On November 18, 2025 Cloudflare suffered its worst outage since 2019, taking down or degrading ChatGPT, Claude, X, Shopify, Indeed, and many other services for several hours from 11:20 UTC [27][28]. The cause was internal, not an attack: a database permissions change made a query return duplicate rows, doubling the size of a "feature file" consumed by the Bot Management system, the machine-learning component that scores crawlers and bots. The file grew from about 60 features to more than 200, exceeding a hard 200-feature limit in the core proxy software, which then panicked across the network; core traffic largely recovered by 14:30 UTC after engineers rolled back to a known-good file, with full restoration at 17:06 UTC [27]. The incident underscored both how much of the AI ecosystem depends on Cloudflare and the centrality of the very bot-classification machinery at the heart of its AI crawler strategy.
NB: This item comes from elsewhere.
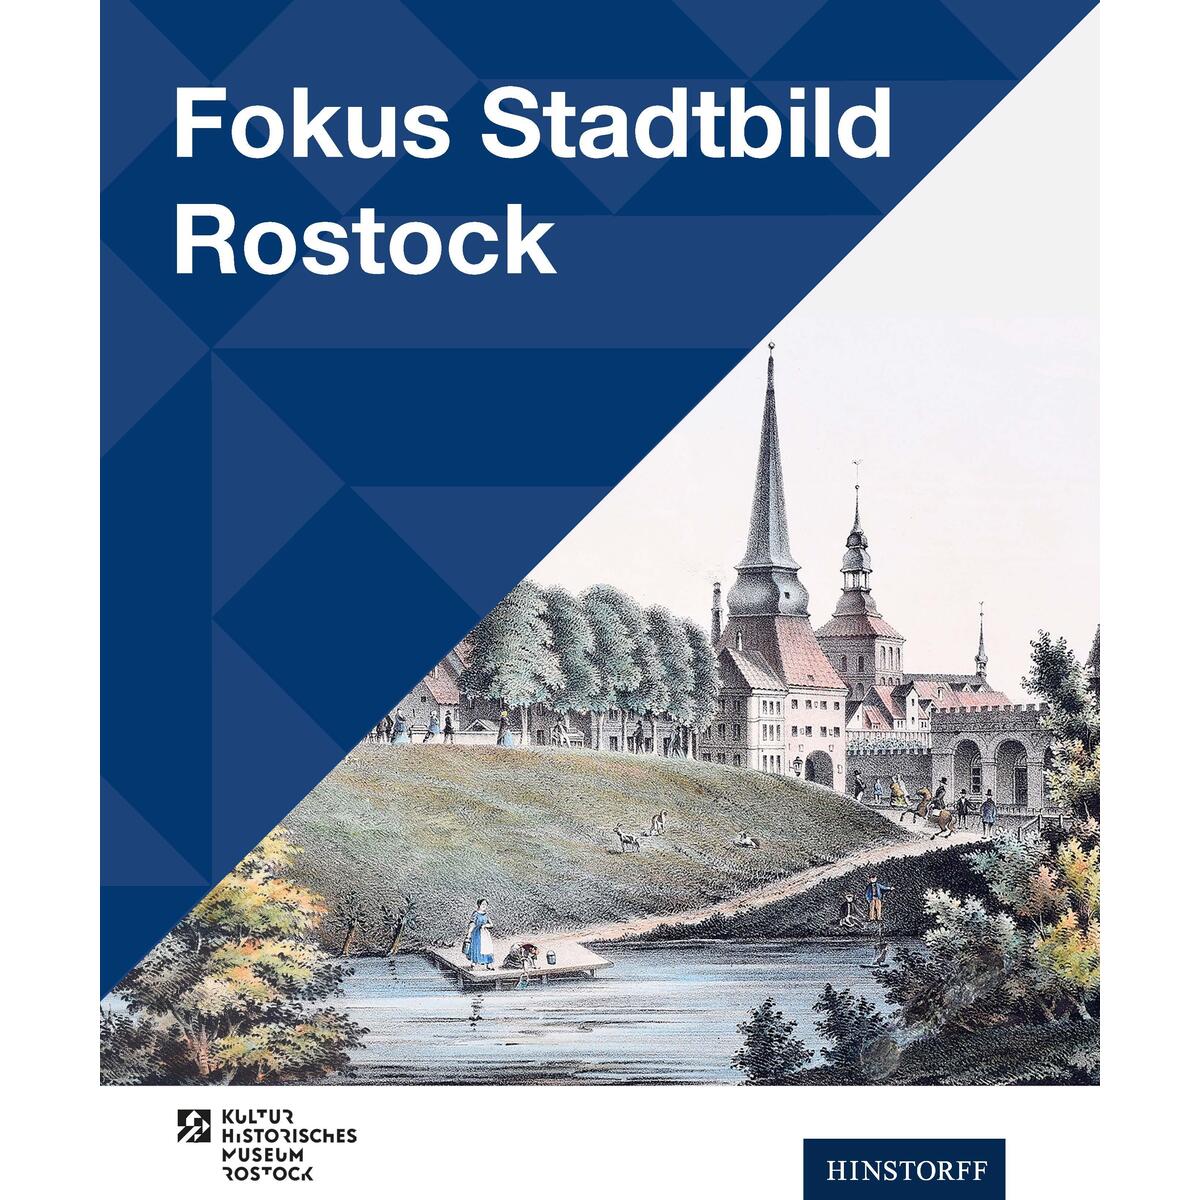 Fokus Stadtbild Rostock von Hinstorff Verlag GmbH
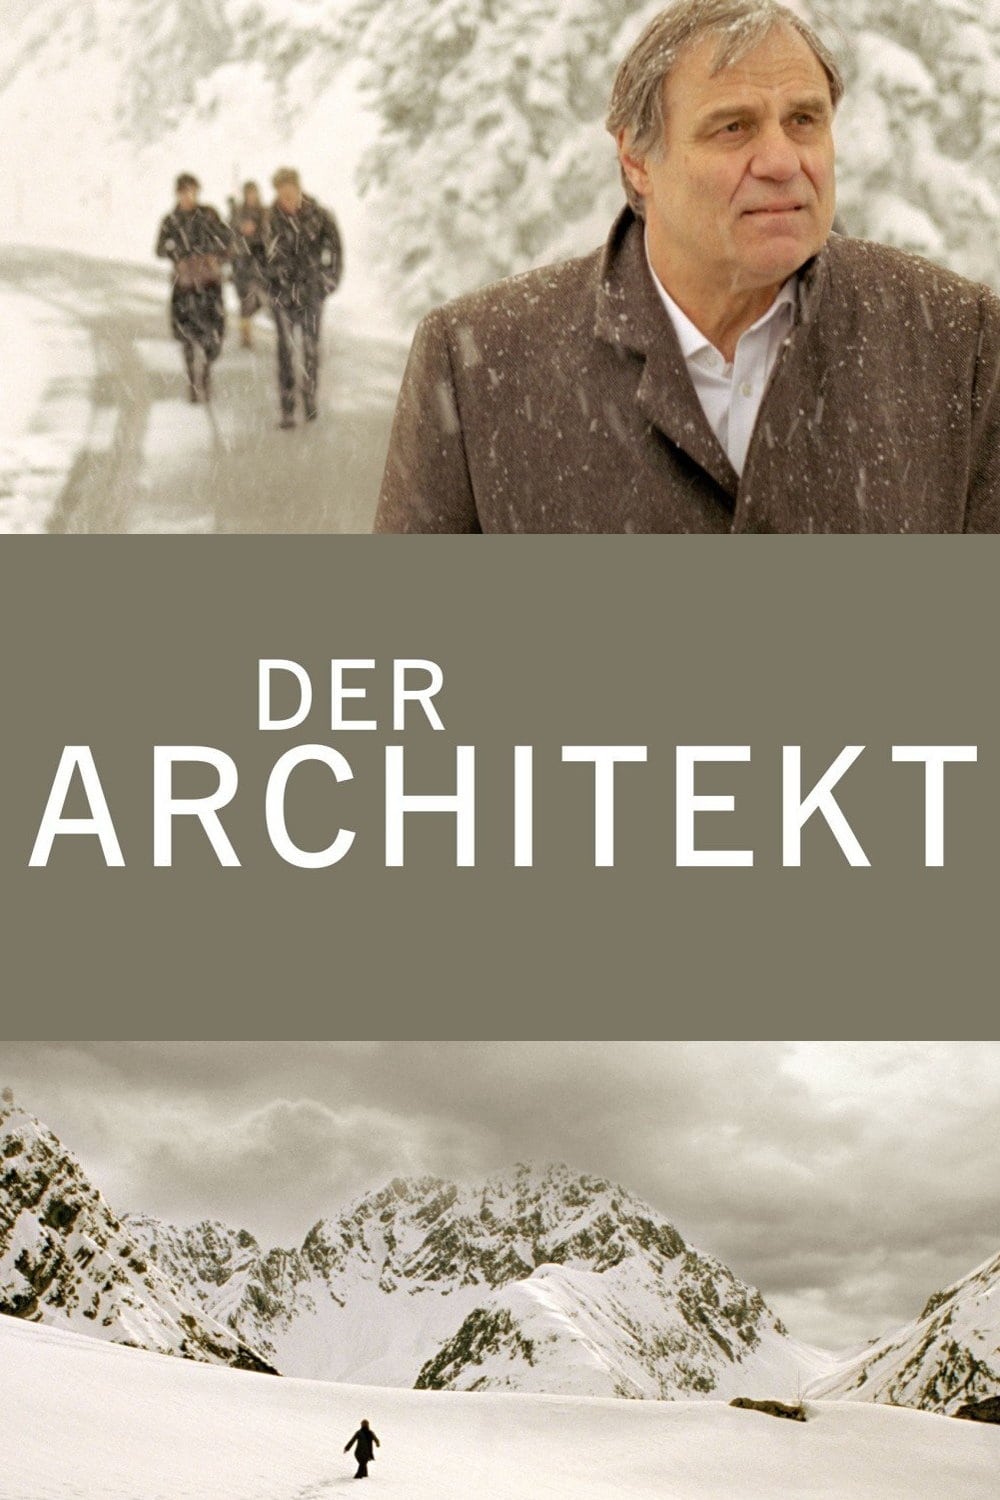 The Architect (2008)

Cloudflare's scale makes it a de facto policy-setter for the open web's relationship with AI. Its 2025 shift to permission-based crawling was the first time a major infrastructure provider, rather than individual publishers or courts, changed the economics of scraping by default, and its 402-based payment experiments, x402 standardization work, and Human Native acquisition sketch an alternative business model in which AI companies pay for content rather than harvest it [2][19][24]. The approach has critics: publishers have argued the signals lack teeth against determined scrapers, AI companies dispute Cloudflare's bot attributions, and concentrating crawler governance in one private gateway raises its own questions [23][26]. On the developer side, Workers AI, AI Gateway, and the Agents SDK have made Cloudflare a significant distribution layer for inference and agentic applications, competing with hyperscale clouds by placing AI close to users in over 190 cities [11][13].